Repeat each line of the material below exactly as it appears, minus any pictures.

SOURCE DATA ▸
▬▬▬▬▬▬

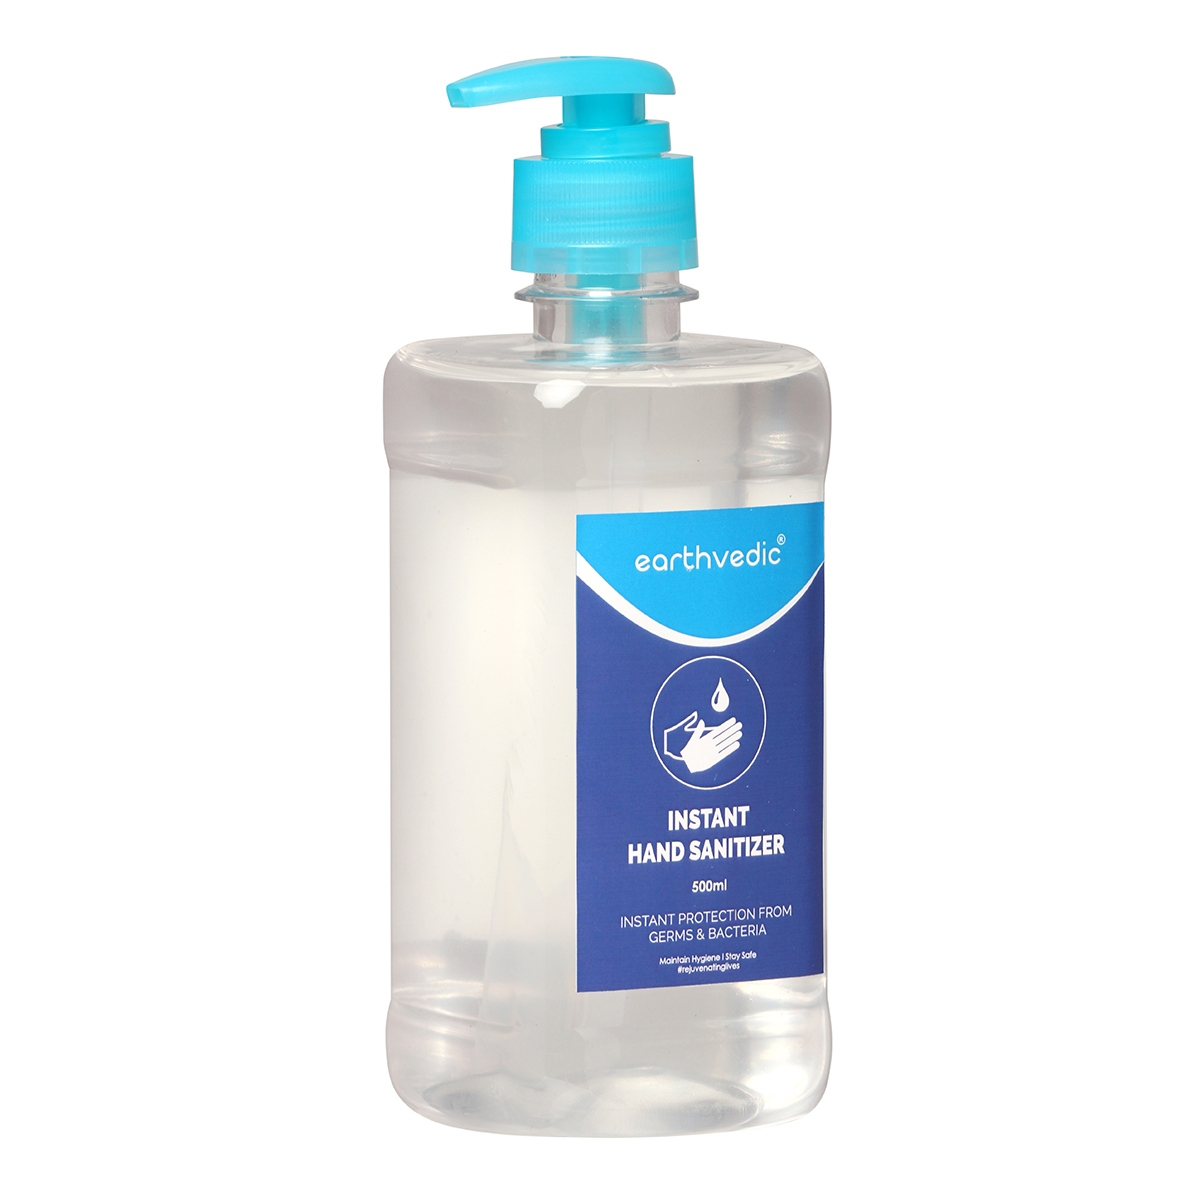 earthvedic instant hand sanitizer gel-side
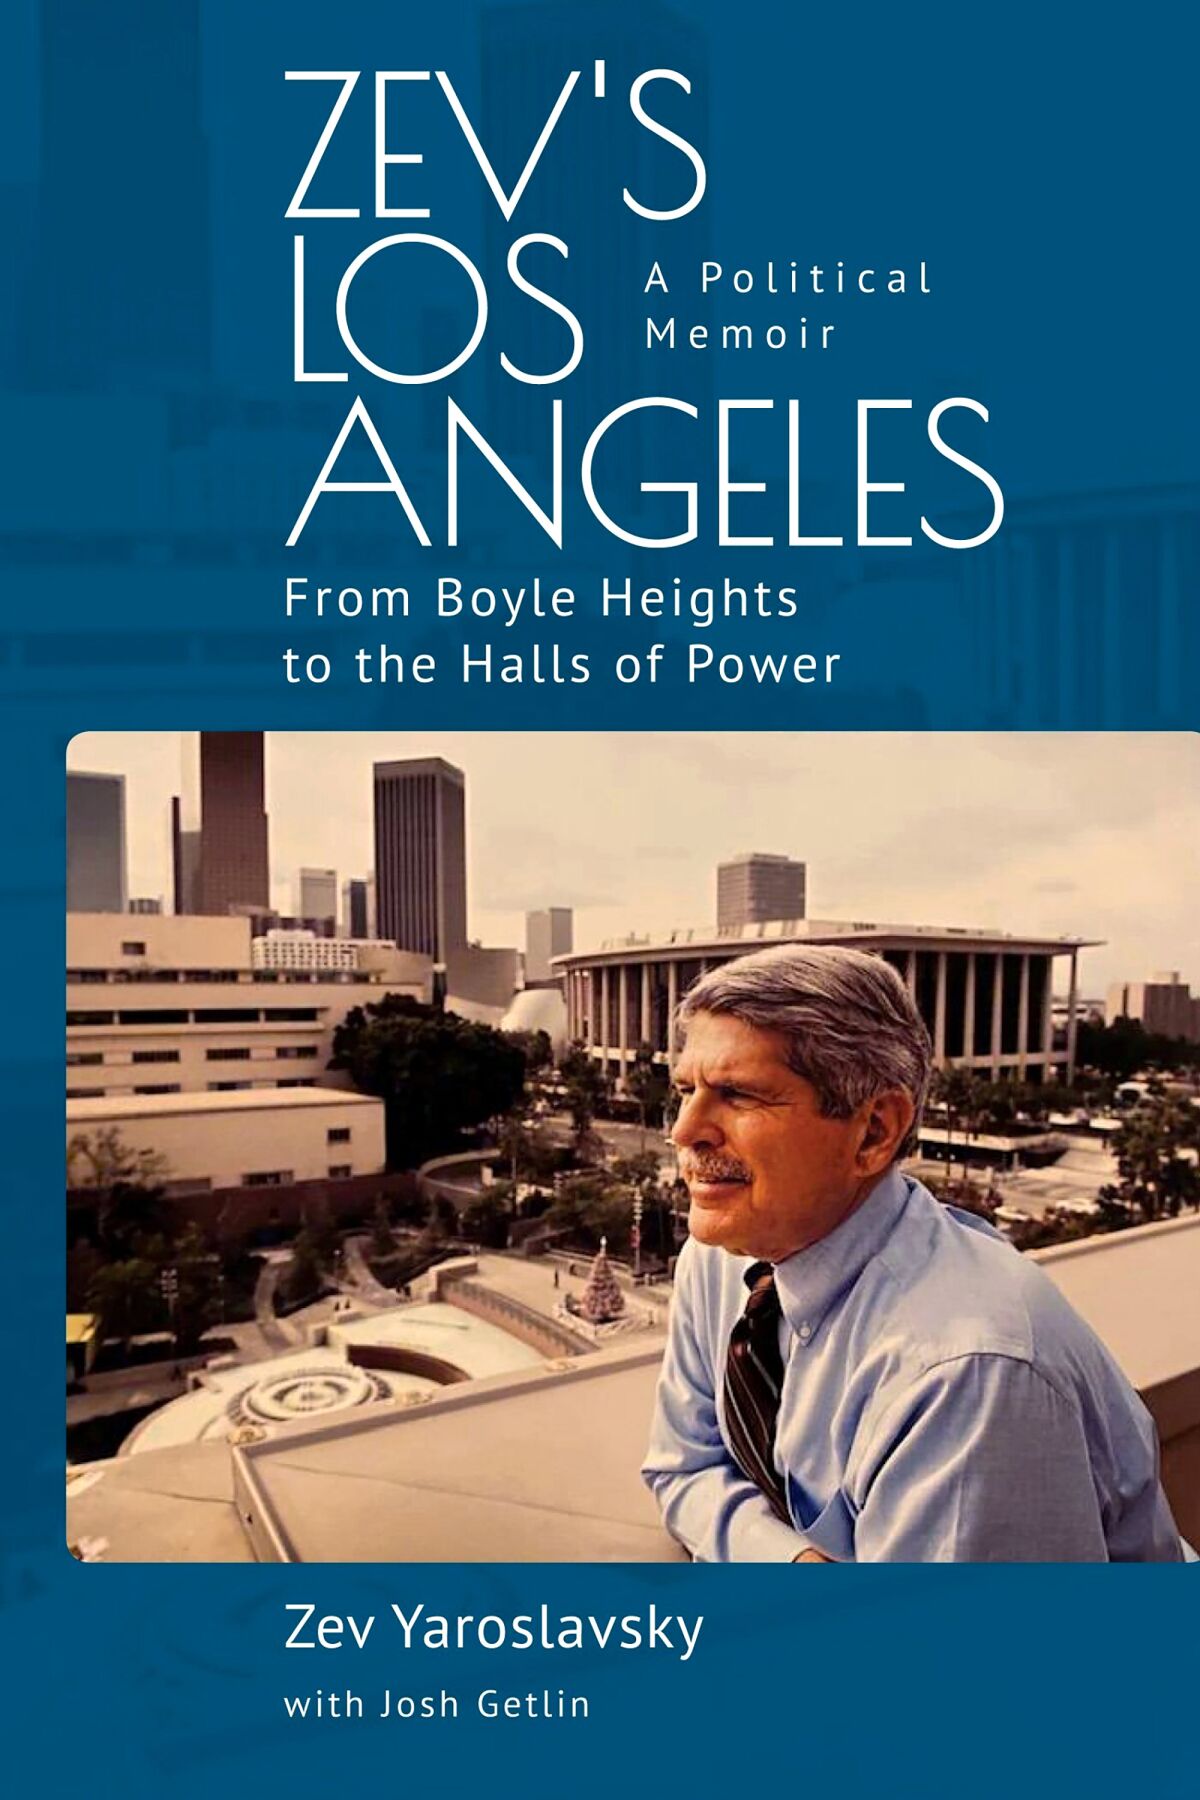 Buchcover für "Zevs Los Angeles: Von Boyle Heights zu den Hallen der Macht.  Eine politische Erinnerung" von Zev Yaroslavsky
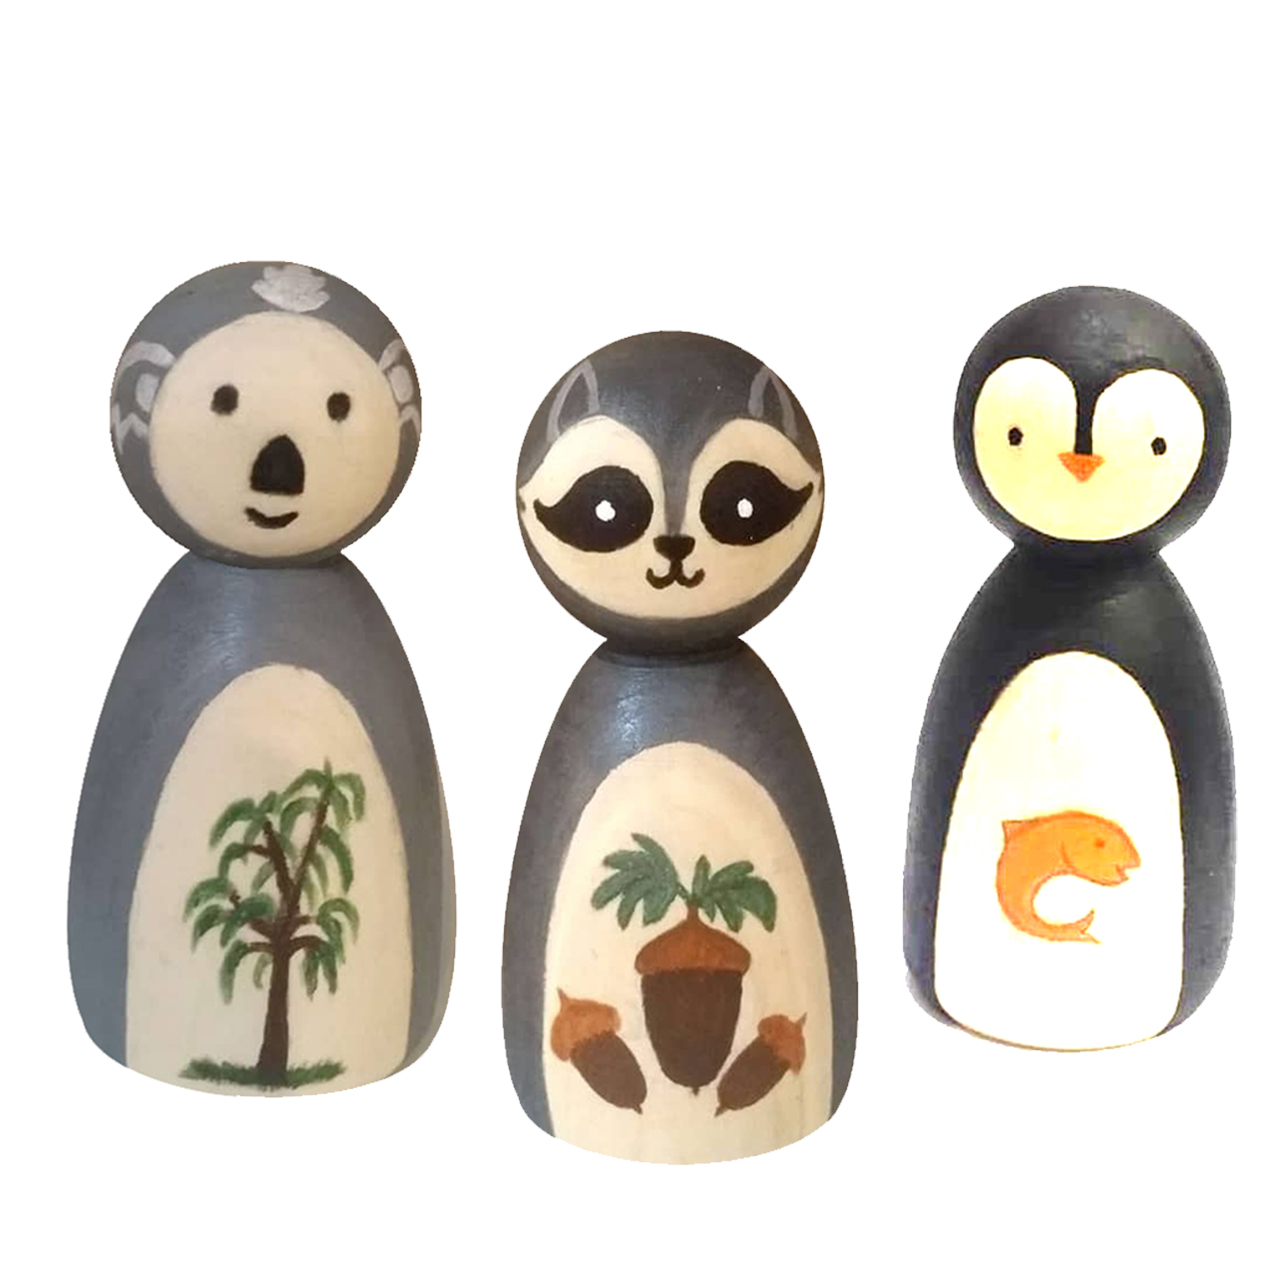 عروسک چوبی طرح پنگوئن و کوالا و راکون کد 03dprk مجموعه 3 عددی
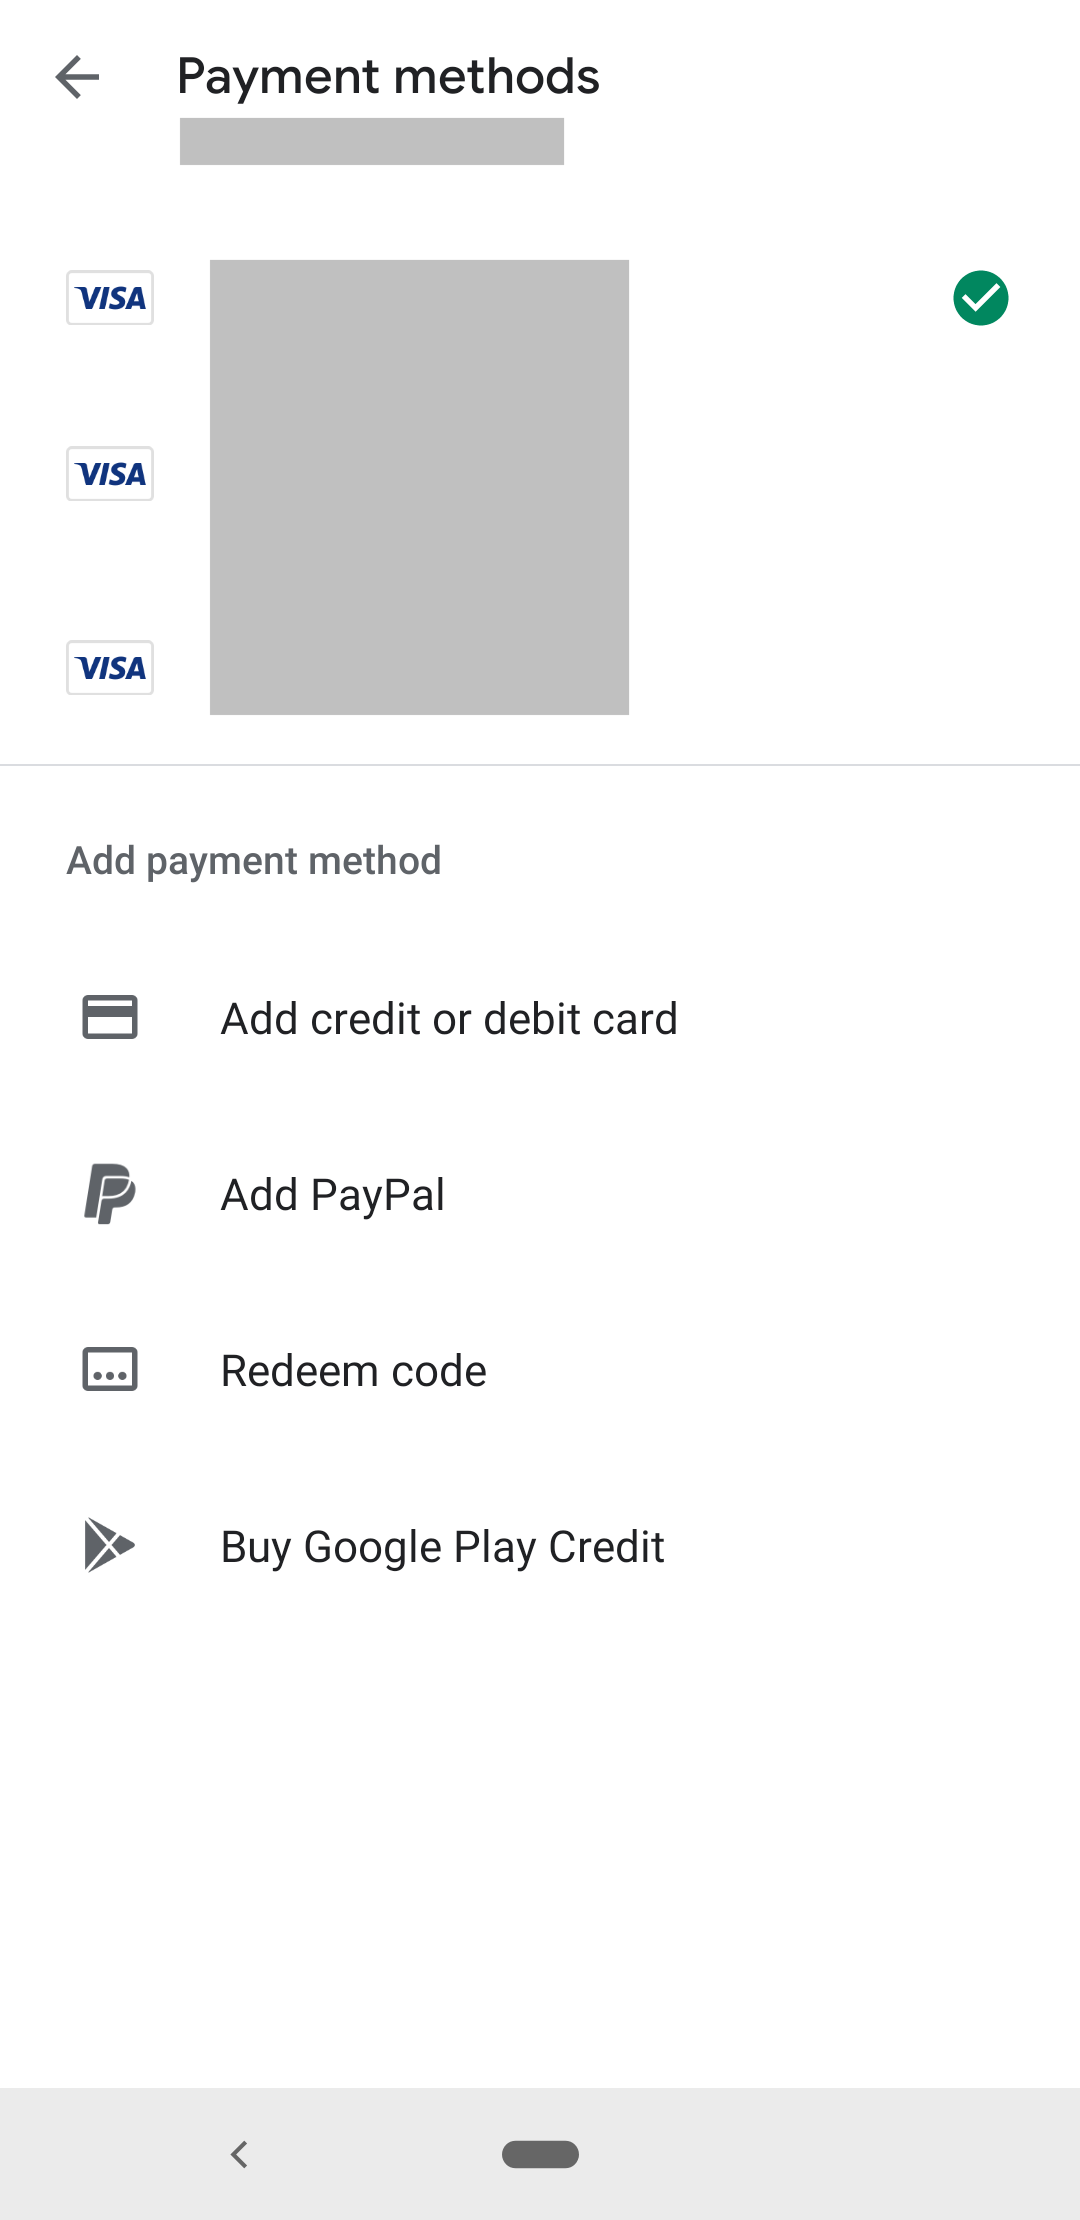 Tela que lista as formas de pagamento para uma compra no aplicativo

▬▬▬▬▬▬

ANSWER TO THIS TASK ▸
 earthvedic instant hand sanitizer gel-side
 Buchcover für "Zevs Los Angeles: Von Boyle Heights zu den Hallen der Macht.  Eine politische Erinnerung" von Zev Yaroslavsky
 عروسک چوبی طرح پنگوئن و کوالا و راکون کد 03dprk مجموعه 3 عددی
 Tela que lista as formas de pagamento para uma compra no aplicativo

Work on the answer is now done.